The Cond version cannot do timeouts or cancellation without significant extra code.

Cond vs Channel — A Side-by-Side¶

Capability	`sync.Cond`	Buffered channel
Wait until predicate true	Yes, via `for cond.Wait()`	Yes, blocking send/recv
Wake one waiter	`Signal`	Single send completes for one waiter
Wake all waiters	`Broadcast`	`close(ch)` (one-shot)
Carry a value with the wake-up	No, re-read state	Yes, the value sent
Compose with timeout	Manual (timer goroutine + Broadcast)	`select` + `time.After`
Compose with `context.Context`	Manual (broadcast on cancel)	`select` + `ctx.Done()`
Allocation per operation	Zero (after `NewCond`)	Zero for buffered, channel struct one-time
Memory per primitive	~6 words	~10 words + ring buffer
Multi-predicate over one state	Natural (multiple `Cond`s)	Awkward (multiple channels)
FIFO ordering	No guarantee	FIFO for blocked goroutines
Survives reset	No native reset	No native reset (close is one-shot)
Standard-library reviewers' preference	Pushback	Encouraged
Risk of misuse	High (4 discipline rules)	Lower (channel ops are atomic)
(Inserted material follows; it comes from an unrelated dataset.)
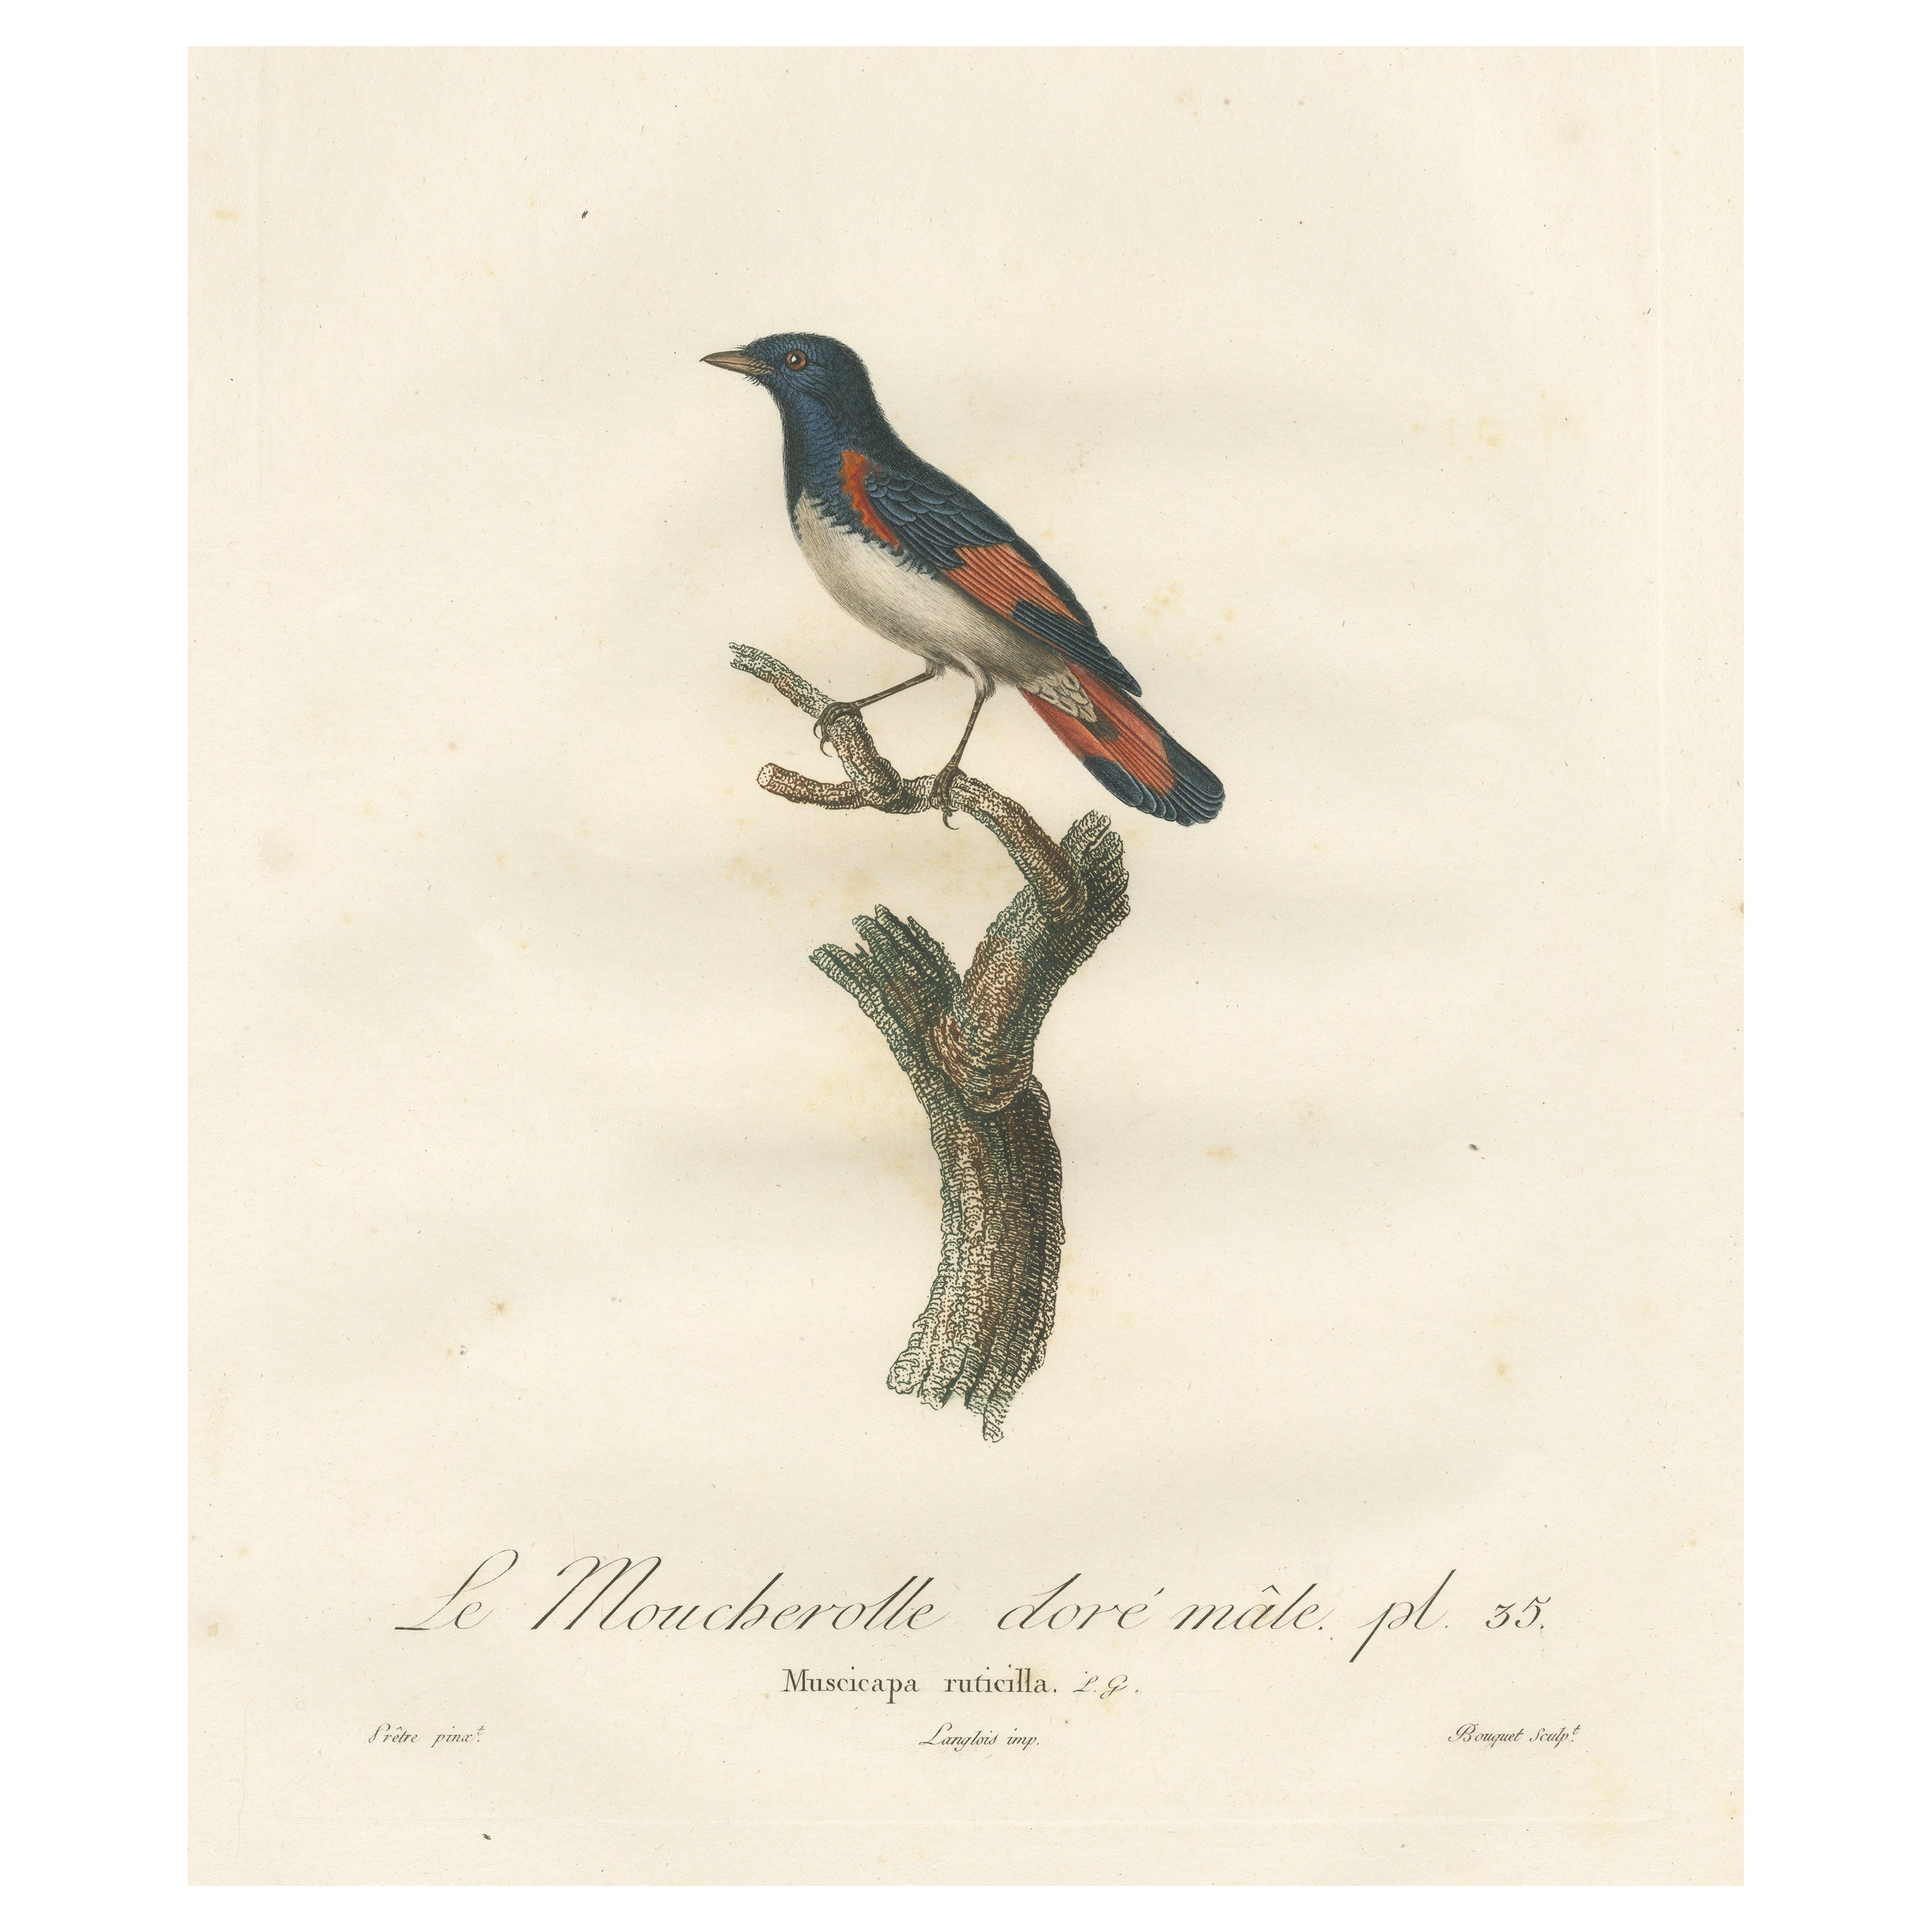 1807 American Redstart Illustration - 'Le Moucherolle doré mâle' Old Bird Print

The summary: channels are the default. Cond is for the specific cases below.

When Cond Actually Wins¶

Case 1: Multiple distinct predicates over one shared state¶

The bounded queue with two predicates — notFull and notEmpty — is the canonical example. The state (the slice of items) is one piece; the predicates are two. With a channel you would split the state, but the queue is the channel, and you have lost the explicit data structure with all its inspection methods. If you need q.Len(), q.Snapshot(), q.Drain() operations on the queue, you need explicit state, and Cond rides naturally on top.

Case 2: Broadcast wake-up that must be repeatable¶

close(ch) is one-shot. Once closed, you cannot reopen. For "pause and resume" cycles, the channel approach requires creating a new channel each time, which races with goroutines that captured the old reference. Broadcast on a Cond is unlimited — you can pause and resume indefinitely.
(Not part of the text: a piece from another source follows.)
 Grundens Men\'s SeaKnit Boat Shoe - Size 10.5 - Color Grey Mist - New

Case 3: State inspection beyond the channel's API¶

A channel exposes len(ch) and cap(ch) but nothing else. If your subsystem needs "list pending items", "remove an item by ID", "swap two items", you need explicit state, and Cond becomes natural.

Case 4: Avoiding per-operation channel allocation in hot paths¶

Cond operations are zero-allocation. Channel operations also are zero-allocation in the common path, but select with time.After allocates a *time.Timer. In a tight loop with hundreds of millions of operations per second, the difference shows up. This case is rare, but real.
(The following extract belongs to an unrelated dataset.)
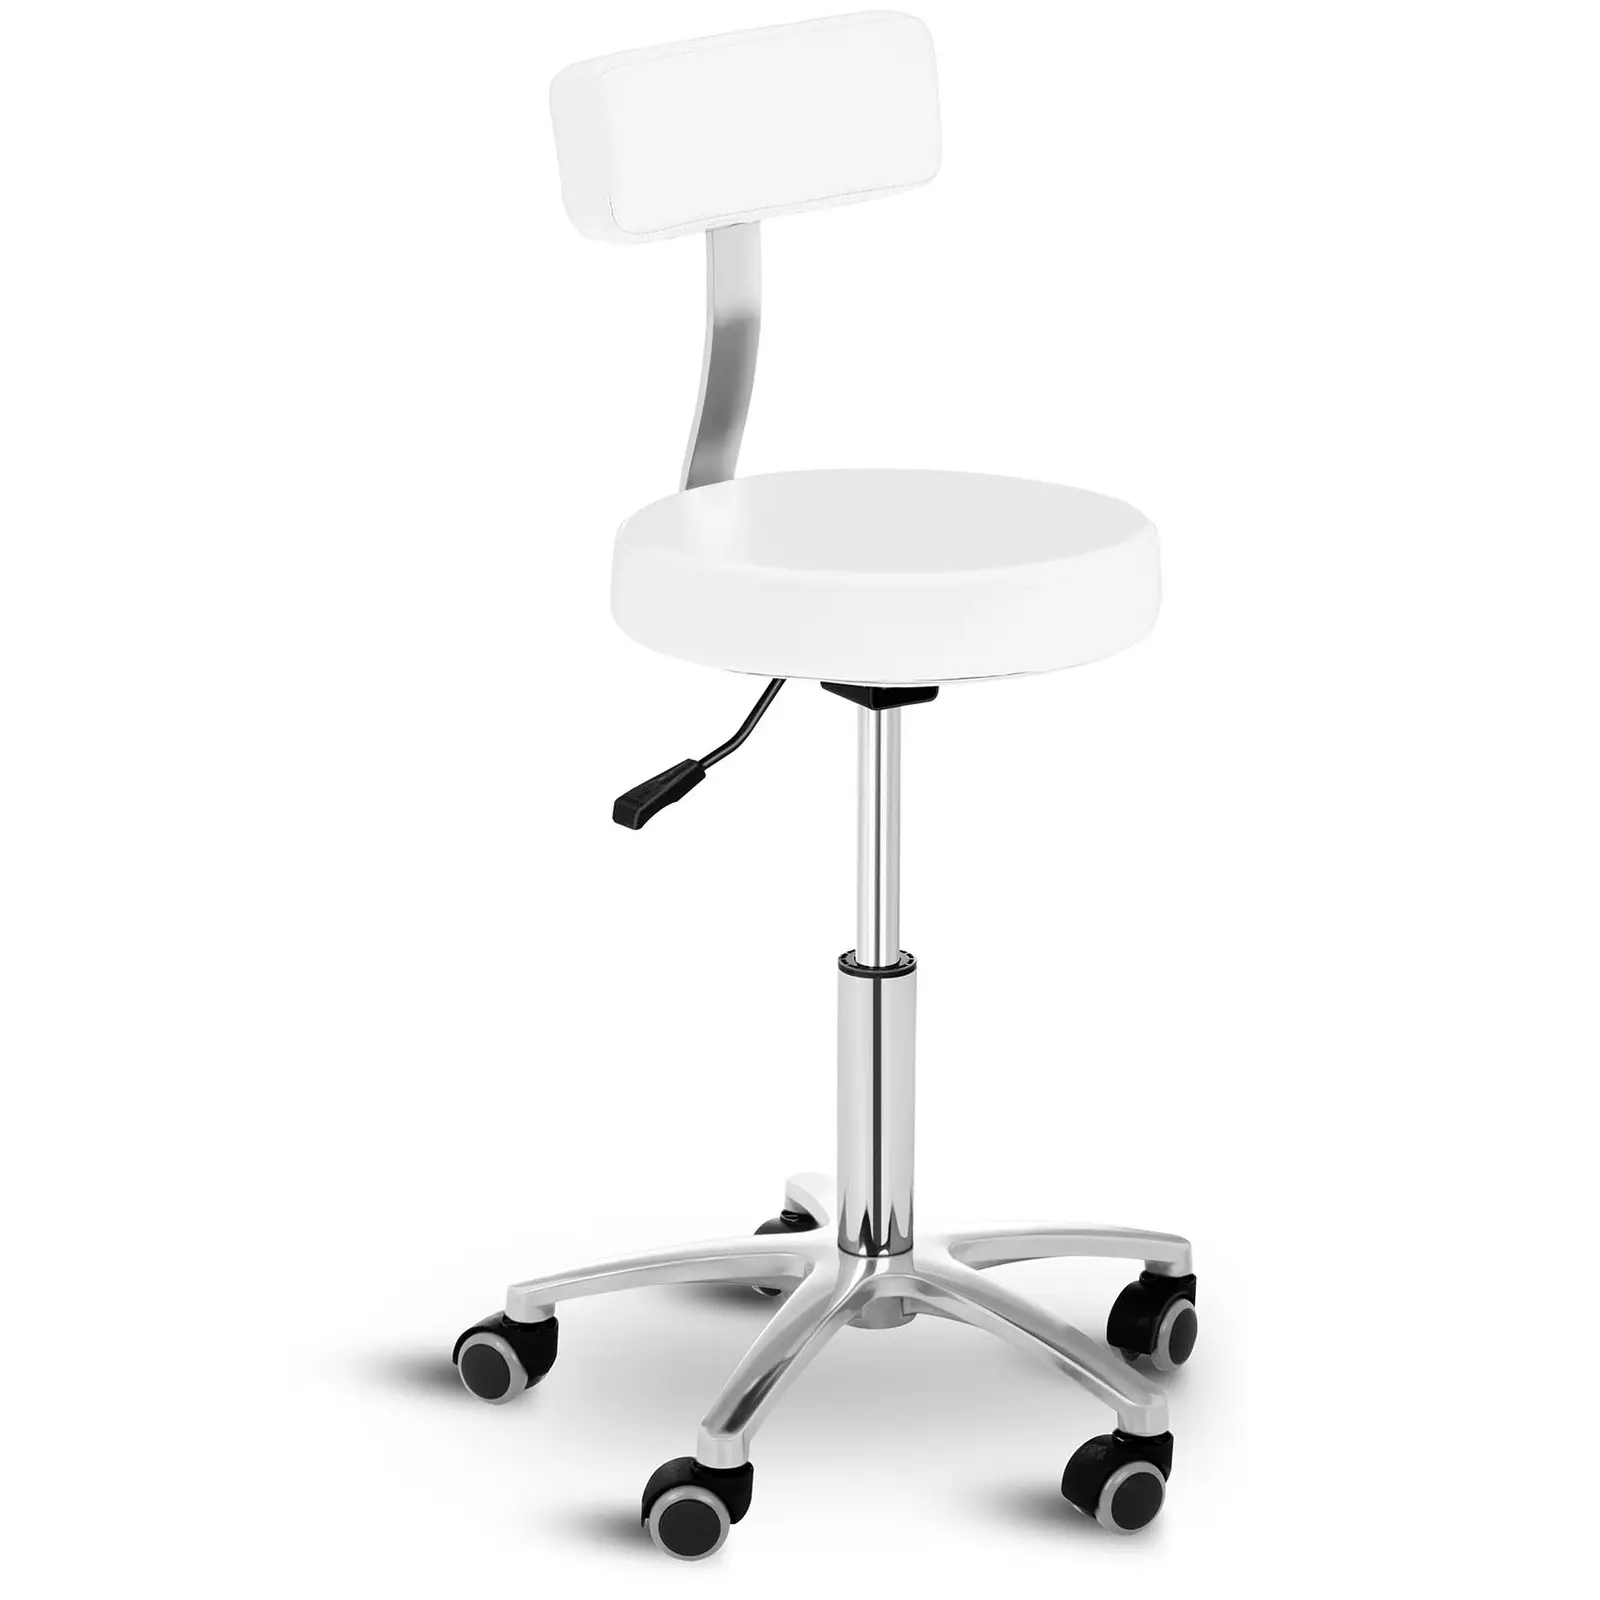 Scaun scaun cu spătar - 445-580 mm - 150 kg - White}

Case 5: Direct port from a C/C++ design¶

Sometimes you are porting an existing C or C++ system that uses condition variables, and rewriting in channels would obscure the design. sync.Cond preserves the structure.

Case 6: Atomic predicate over multiple variables¶

for x < 10 && y > 20 && !cancelled {
    cond.Wait()
}

The predicate combines three fields under one lock. With a channel each variable would need its own signalling path, complicating the design.

In every other case, channels are the default.

Adding Cancellation and Timeouts¶

Cond does not natively support cancellation. The standard workaround:

type Waiter struct {
    mu     sync.Mutex
    cond   *sync.Cond
    state  string
    closed bool
}

func (w *Waiter) WaitFor(ctx context.Context, target string) error {
    w.mu.Lock()
    defer w.mu.Unlock()
    for w.state != target && !w.closed && ctx.Err() == nil {
        // unlock and wait; the goroutine below will broadcast on ctx.Done()
        w.cond.Wait()
    }
    if w.closed {
        return ErrClosed
    }
    if ctx.Err() != nil {
        return ctx.Err()
    }
    return nil
}

The waiter checks ctx.Err() in the loop, but it cannot react to ctx.Done() itself — Wait does not select on anything. So you need a helper goroutine:

func (w *Waiter) watchCancel(ctx context.Context) {
    <-ctx.Done()
    w.mu.Lock()
    w.cond.Broadcast()
    w.mu.Unlock()
}

Start one of these per cancellation context. The broadcast wakes the waiter, which sees ctx.Err() != nil and returns.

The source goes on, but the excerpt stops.